Послушайте! В начале своей речи я пытался обрисовать вам и определить в двух словах действие этого климата, действие этой ссылки, действие этого тюремного заключения. Я сказал, что это будут три палача. Но есть четвертый палач, о котором я забыл упомянуть, — начальник каторжной тюрьмы. Запомнился ли вам Жане, палач Синнамари? Отдаете ли вы себе отчет в том, как будет действовать, я склонен сказать — почти неминуемо будет действовать, человек, который согласится взять на себя перед лицом цивилизованного мира нравственную ответственность за омерзительное учреждение на Маркизских островах, согласится быть могильщиком этой тюрьмы и тюремщиком этой могилы?
Уяснили ли вы себе, до чего страшна будет, так далеко от всякого надзора и всякого противодействия, при этой полной безответственности, при беспредельной власти начальника и беззащитности жертв, возможная тирания души злобной и подлой? Господа, Гудсоны-Лоу — порождение островов святой Елены.
По крайней мере, когда здесь, во Франции, в Дулане, в Мон-Сен-Мишель… (
Господа, эта страшная политическая каторга будет окутана мраком и. молчанием.
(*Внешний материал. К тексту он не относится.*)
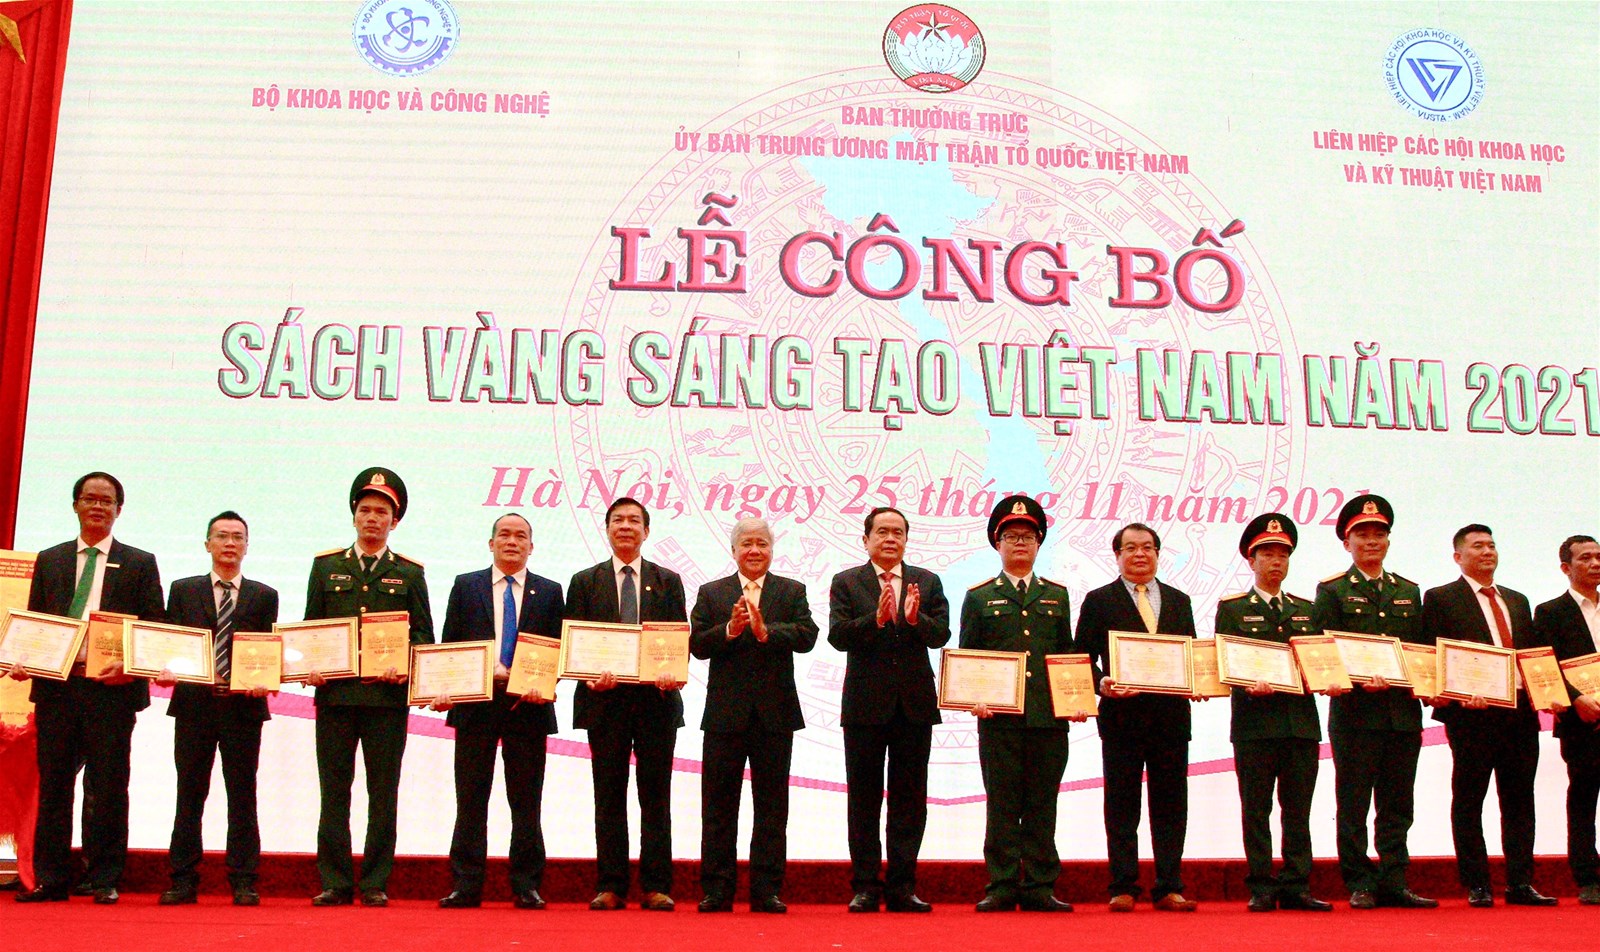 Gốm Đất Việt - đơn vị duy nhất được vinh  danh 03 công trình tiêu biểu trong sách vàng sáng tạo Việt Nam 2021

Никто ничего не будет знать о ней, ничто не проникнет оттуда к вам, ничто!.. Разве только время от времени, с некоторыми промежутками, страшная весть, которая пронесется по океанам и, словно погребальный звон, сольется во Франции и в Европе с живым, пронизанным болью голосом общественного мнения, — весть, гласящая: такой-то осужденный умер.
То будет — ведь в этот великий час в человеке видят только его заслуги, — то будет маститый публицист, знаменитый историк, прославленный писатель, известный оратор. Вы прислушаетесь к этому зловещему звону, вы подсчитаете, как мало месяцев прошло, — и вы содрогнетесь!
А, теперь вы видите? Это — смертная казнь! Смертная казнь без проблеска утешения. Это нечто худшее чем эшафот! Смертная казнь — и жертва не может в последний раз обратить взор к небу отчизны!